Faye Liu and Jiang Wu are revealing the secret lives of oil wells from chemical fingerprints gathered thousands of feet below the Earth’s surface.
The information produced by their company, RevoChem, helps address some of the biggest problems facing the shale oil industry by assisting companies to drill fewer wells, extract more oil and potentially market crude by its point of origin.
RevoChem can identify where a drop of crude originated within 10-to-15 feet of accuracy. The secret is understanding that oil comes from plants and animals, which came to rest millennia ago between different layers of rock.
“There are actually thousands of compounds that are in crude oil that are naturally occurring that you can understand as a natural tracer,” said Liu, a geochemist with a doctorate from Indiana University. “Each of the layers is carrying different geochemical information because, as we jokingly say, a different dinosaur died there, so it’s coming from a different biological source.”
Experts have long graded oil by viscosity, sulfur content and a few other chemical properties. But until recently, geochemists have not looked any closer.
“Traditionally, the geochemistry method can resolve about a hundred compounds; we are able to resolve over 2,000,” Liu said.
Liu first worked on chemical fingerprints while employed by ConocoPhillips, where she examined how the oil’s chemical make-up changed through the lifespan of a well. But she theorized that a closer analysis could reveal what was happening more than 5,000 feet below the surface and a half-mile from the wellhead.
Liu shared her theories with her husband Jiang Wu, who has a doctorate in biochemistry and was working to improve medical imaging at the Texas Medical Center.
Wu knew from his work that he could build the better instrument Liu needed. In March 2018, despite having a mortgage and a 2-year-old daughter, Liu and Wu quit their jobs to build a new instrument, write specialized code and develop a database that would allow them to change the oil industry.
Wu’s instruments can take oil from a gram of rock — collected during drilling — and identify over 2,000 compounds.
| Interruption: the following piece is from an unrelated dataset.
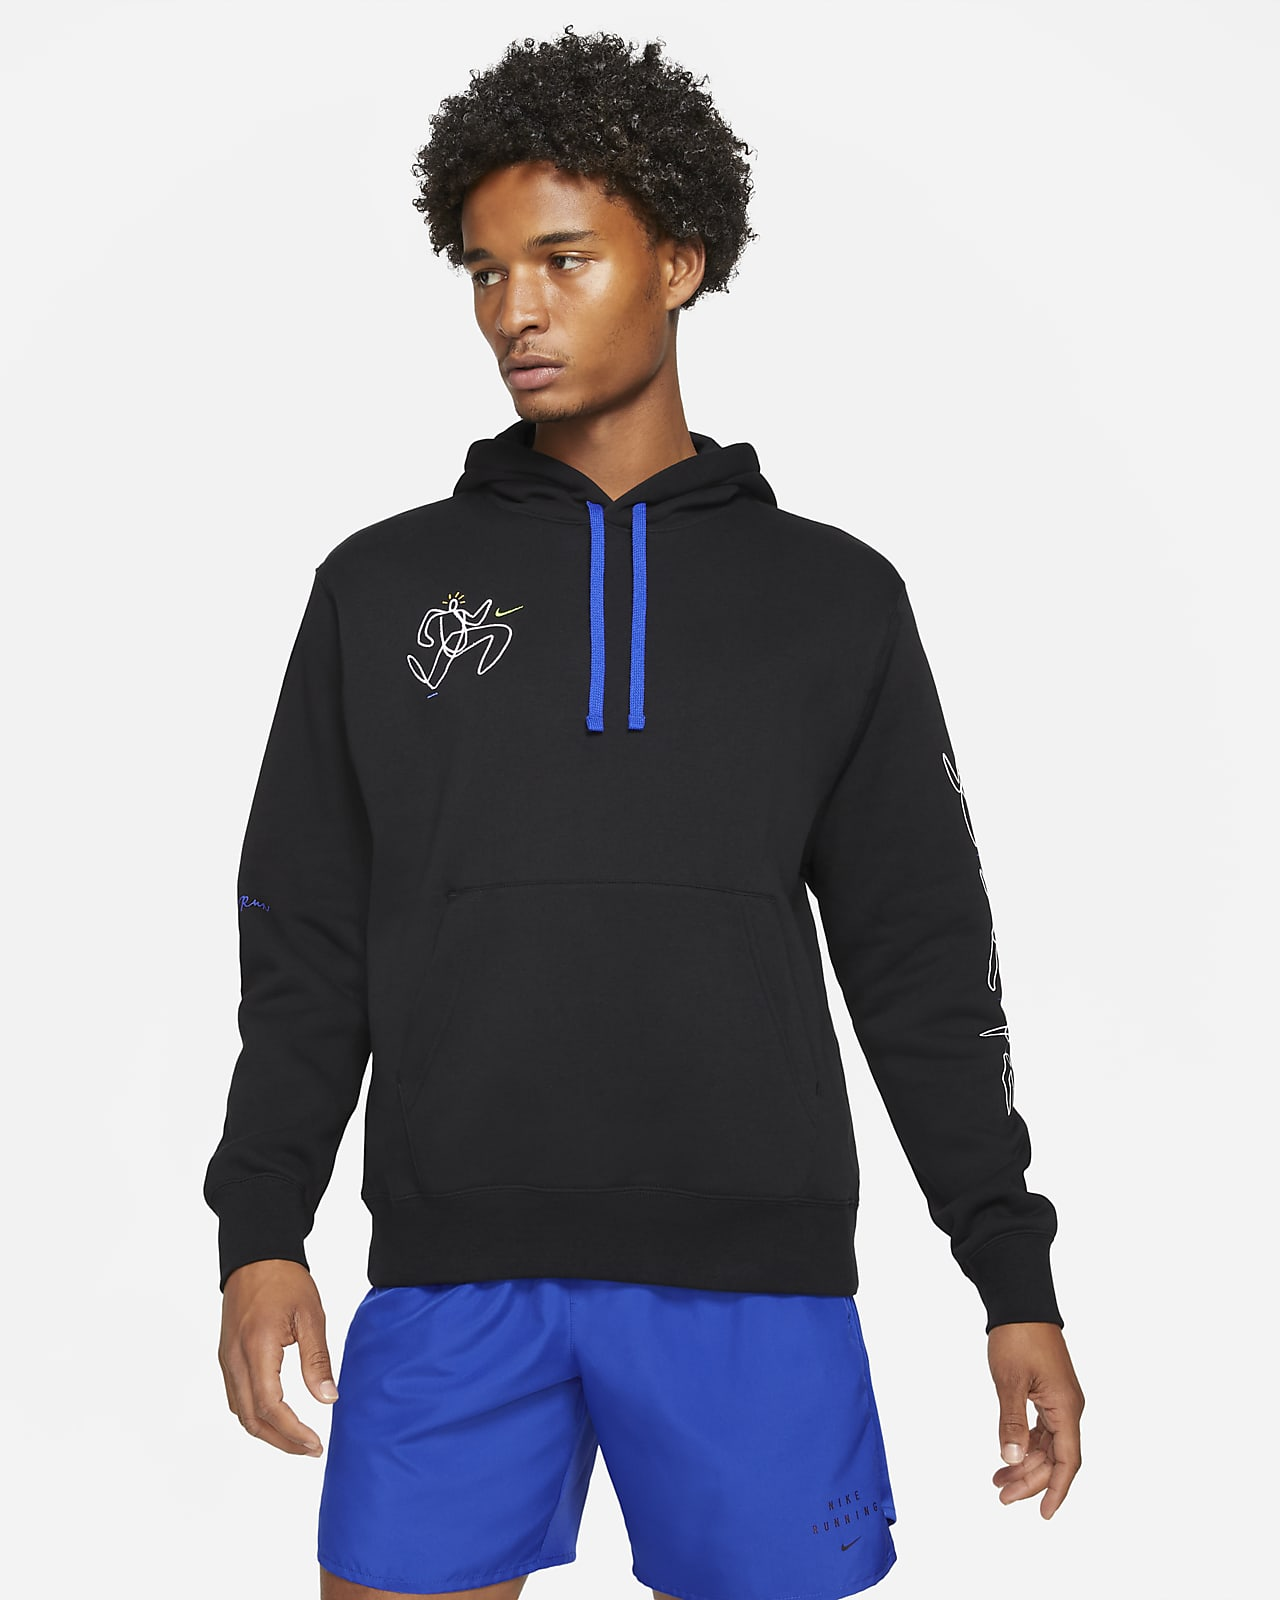 Hoodie de running em lã cardada Nike Hackney Club para homem

Liu has built a library of over 3,000 rock samples from 260 wells in nine oil basins.
“If you give me a drop of crude oil, I can immediately tell you where it’s coming from, which layer it’s coming from, and which basin,” Liu, RevoChem’s CEO, said.
The information can help companies improve efficiency.
North American oil companies drill long, horizontal wells along seams of oil in shale rock and then use hydraulic pressure to break the oil out. But no one knows for sure the size of the fracture or where the oil will flow.
Companies drill parallel wells to maximize production. If petroleum engineers space them too far apart, they leave oil behind. If they space them too close, the oil flows from one well into another, and they’ve wasted money. Until now, engineers could only guess at what’s happening below the surface.
By chemically fingerprinting the oil from an exploration well, RevoChem can identify which oil comes from 5,000 feet, 5,050 feet, 5,100, and so on. If oil from 5,100 feet is showing up in a fractured well drilled at 5,000 feet, the engineer can avoid spacing wells too close together.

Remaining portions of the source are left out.